Dr Eric Topol, physician, scientist and chief editor of Medscape, referenced an Iowa report where 1 in 5 of the Covid-19 infections were in the healthcare workforce. Many of these were related to the lack of PPE and this has compromised patient care. He adds that this was inexcusable.

And the body count among doctors alone has numbered 340 dead and climbing.

In a press coverage on 11 April 2020, it was announced that: “ 224 MOH health care workers have tested positive for Covid-19 as of today, but he stressed that none of the cases involved handling coronavirus patients in Covid-19 or intensive care unit (ICU) wards.”
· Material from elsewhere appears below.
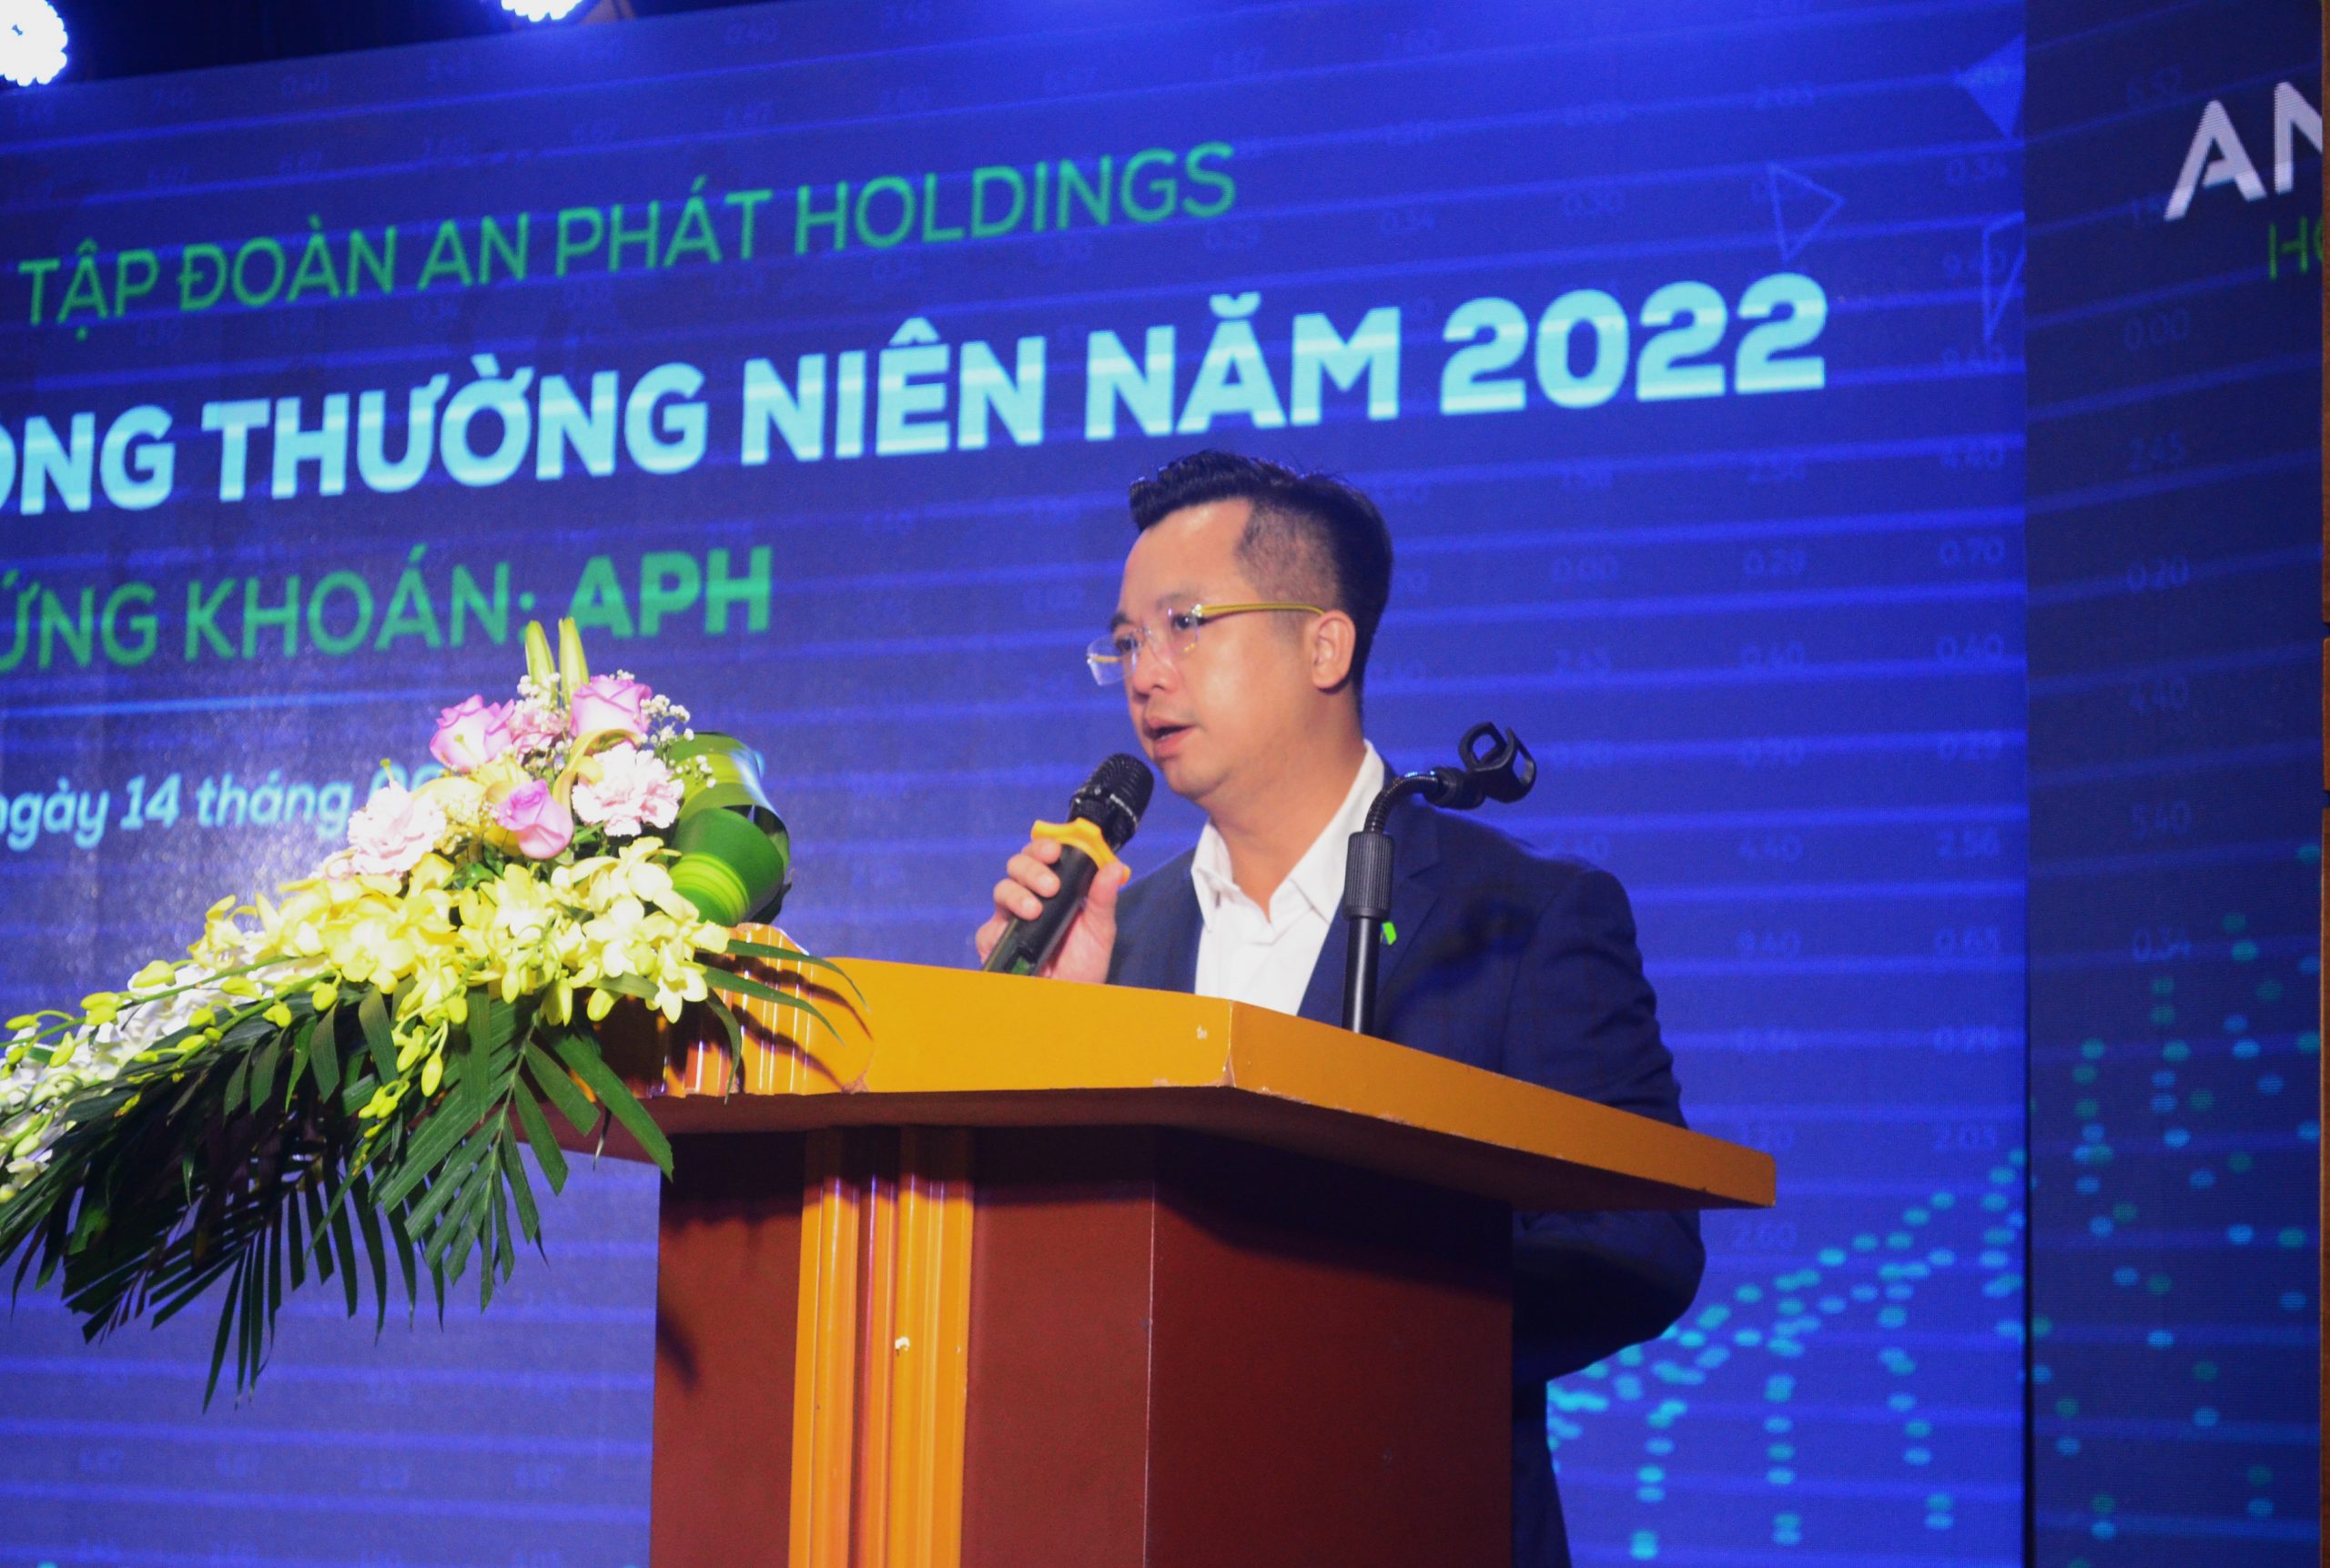 An Phat Holdings’ Annual General Shareholders’ Meeting 2022: Approving target revenue of VND 16,500 billion
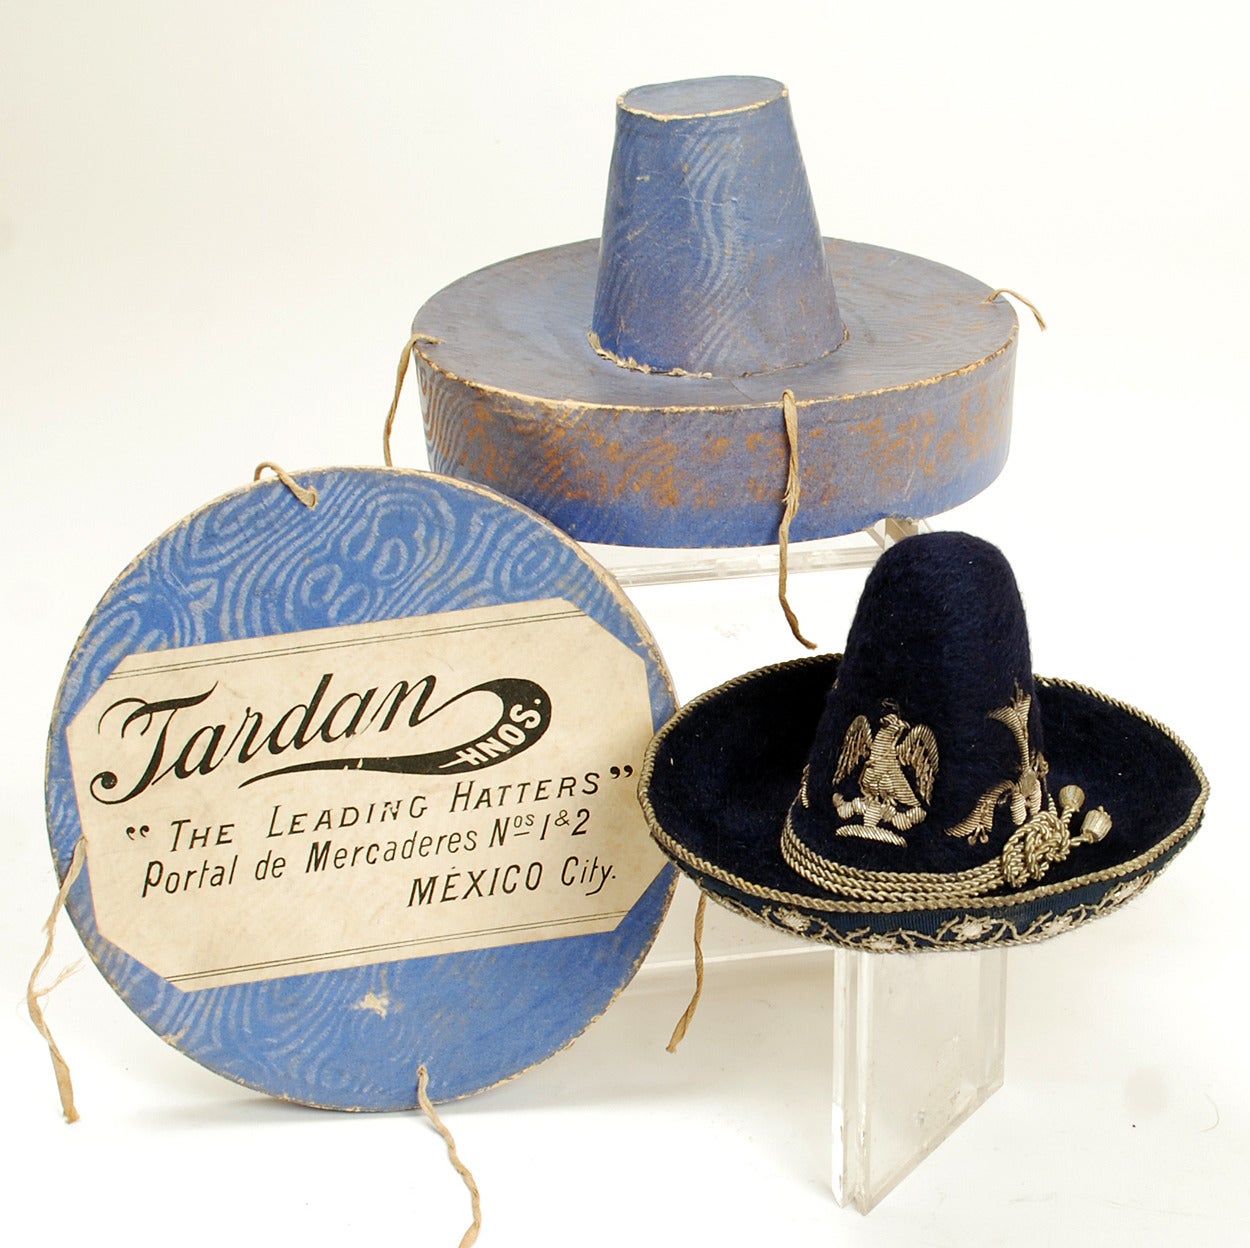 Extremely rare early 20th century handmade salesman's sample sombrero, made by the Tardan Company, the most important sombrero and hat manufacturer in Mexico. The Tardan Company, located just a few blocks from the Zocalo in Mexico City, continues

However the discerning researcher will immediately note that in the same news report:
a) 41 cases (18.0%) of MOH staff contracted the virus from patients (this is classified as nosocomial infection which HCW acquire from the hospital setting). This includes:
– 29 cases (13.0%) from patients with SARI (Severe Acute Respiratory Infections) another source of HAI (Hospital-Acquired Infections).
– 9 cases (4.0%) from patients whose status were unknown and
– 3 cases (1.2%) from screening and other activities on the field.
b) 33 cases (15%) still under investigation.

A HCW cluster of 31 cases is looming in three hospitals in Sabah, Queen Elizabeth 2 Hospital; Women and Children’s Hospital, Likas; and Keningau Hospital and the MOH insists that “none of them were infected while handling Covid-19 patients”.

We’ve learnt from the grapevine that 17 nurses in an MOH Covid-19 hospital tested positive. We await confirmation or otherwise of this unofficial news.

The nuances from the MOH seems to suggest that our HCW are somewhat “immune” to hospital-acquired Covid-19 infections.

With the cry for PPEs from our health care workforce on the ground and the admission of the MOH on the depleting supplies of PPE, it is not too difficult to anticipate breakthrough Covid-19 infections among our HCW.

We, the rakyat, must therefore be uncompromising in our quest to protect our frontliner HCW with adequate and appropriate PPEs.

Clapping our hands from our apartment verandahs and blaring our motor car horns helps to boost our HCW morale, but more importantly we must sound to the higher authorities, the MKN (Majlis Keselamatan Negara) and its operative NADMA (National Disaster Management Agency) and the MOH, to unfailingly arm our HCW with enough and proper PPEs to wage the war against the invisible enemy or risk morbidities and mortalities among our largely young house-officers, medical officers, nurses and allied health professionals.

It is for these “voice-less” junior doctors, nurses and other HCW that I will unflinchingly raise the proverbial Covid-19 red flag to ensure their physical health, their emotions, their welfare, the welfare of their loved ones and their very lives are protected.

God bless our HCW.

Dr Musa Mohd Nordin is a paediatrician and chairman of the FIMA Advisory Council.

  • This is the personal opinion of the writer or publication and does not necessarily represent the views of CodeBlue.